[[ EXCERPTED RECORDS, beginning ]]

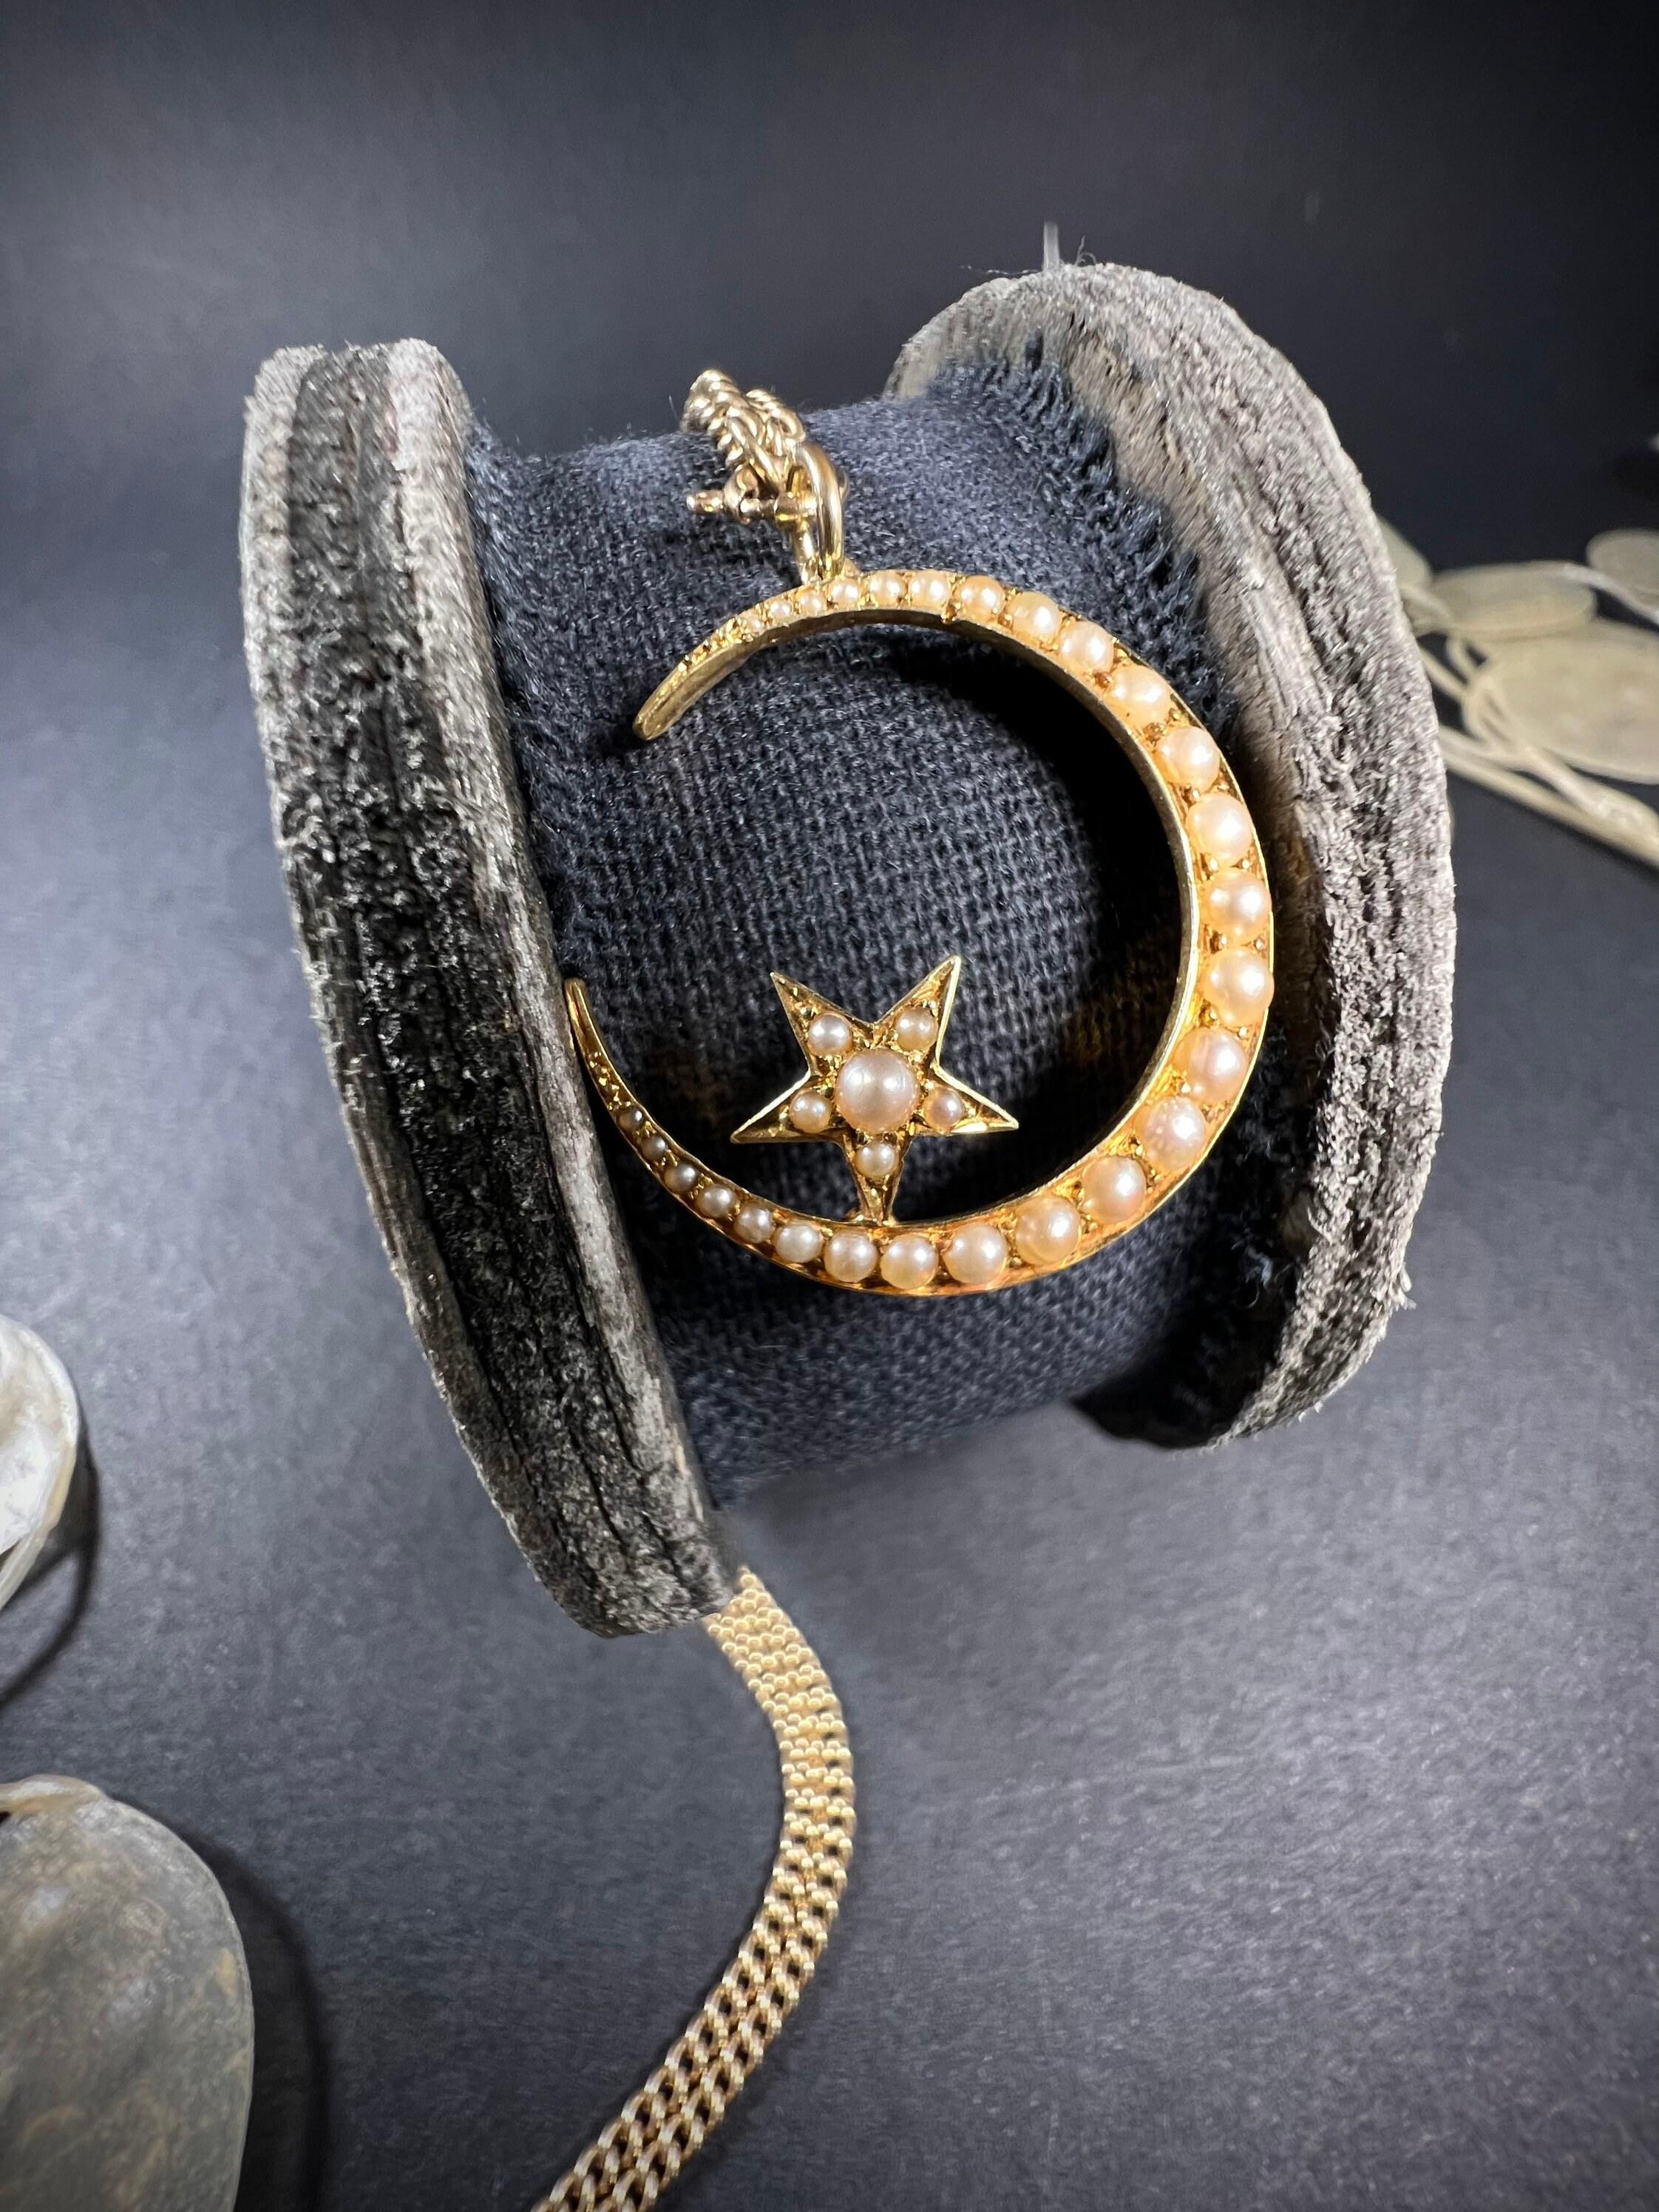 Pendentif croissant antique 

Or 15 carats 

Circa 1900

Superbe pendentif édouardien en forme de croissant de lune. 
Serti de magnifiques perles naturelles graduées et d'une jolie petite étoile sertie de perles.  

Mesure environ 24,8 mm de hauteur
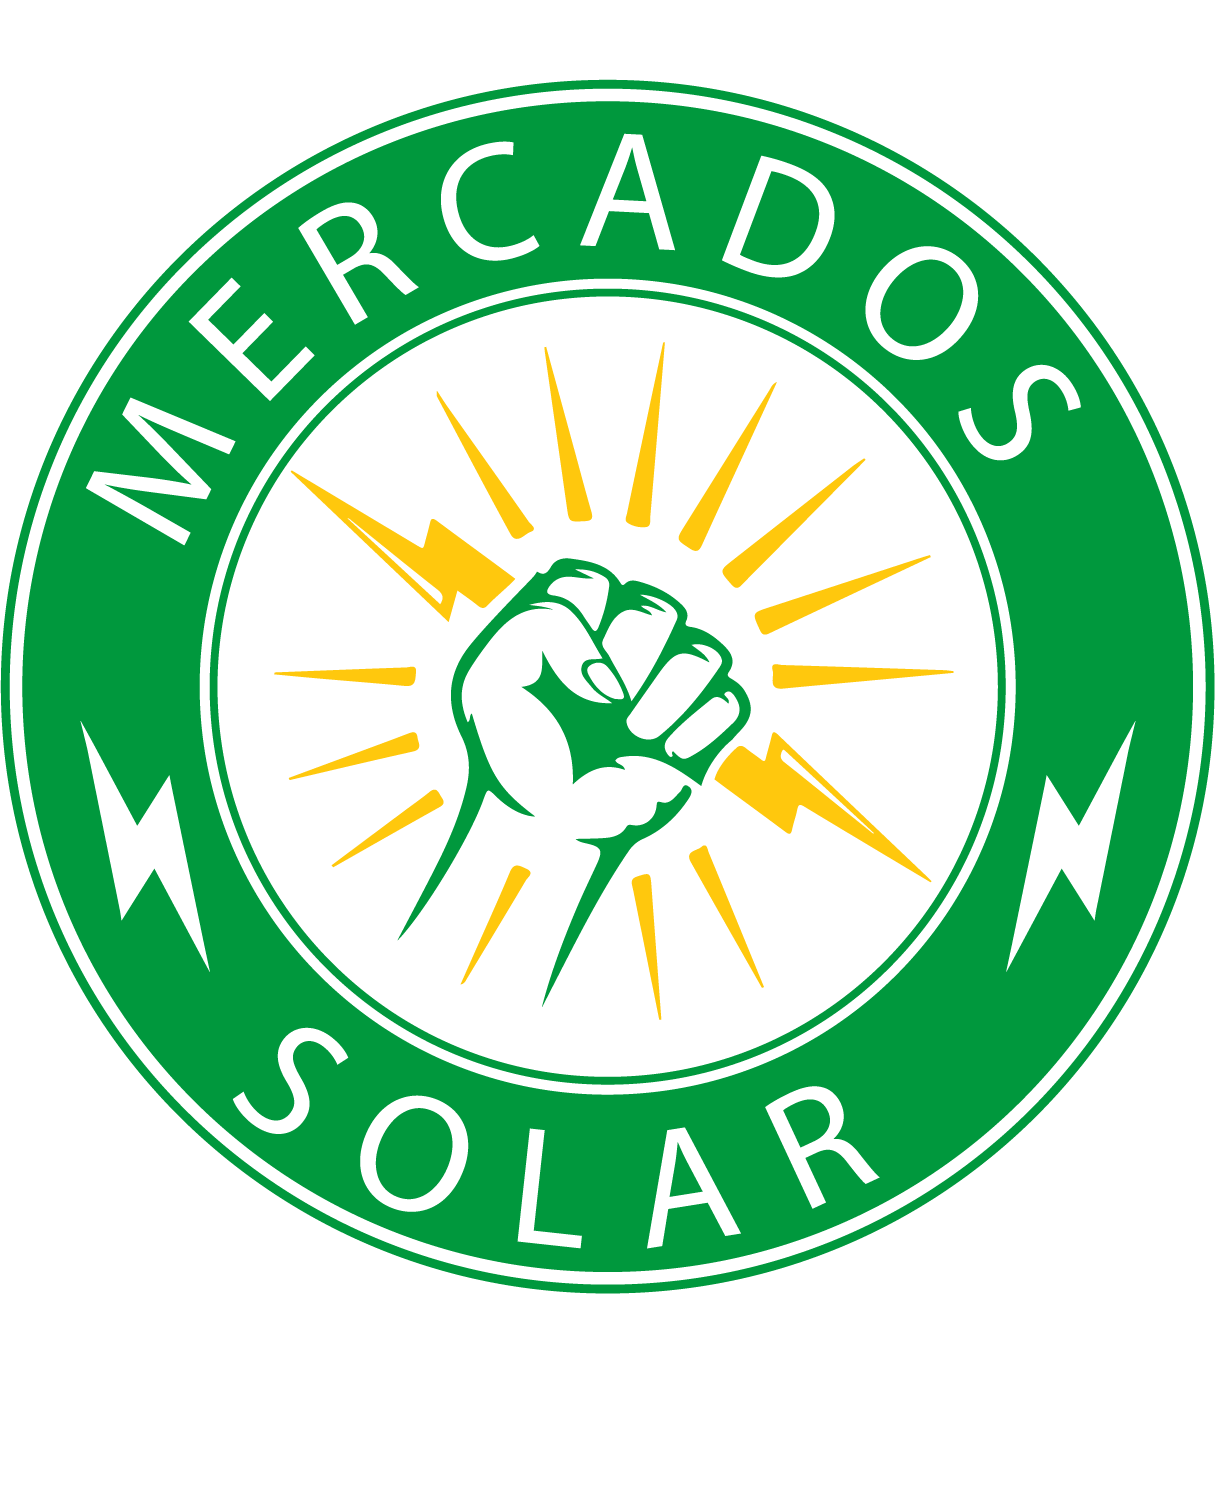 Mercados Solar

[[ EXCERPTED RECORDS, end ]]

Every record above must be printed exactly, except for its images.

 Pendentif croissant antique 

Or 15 carats 

Circa 1900

Superbe pendentif édouardien en forme de croissant de lune. 
Serti de magnifiques perles naturelles graduées et d'une jolie petite étoile sertie de perles.  

Mesure environ 24,8 mm de hauteur
 Mercados Solar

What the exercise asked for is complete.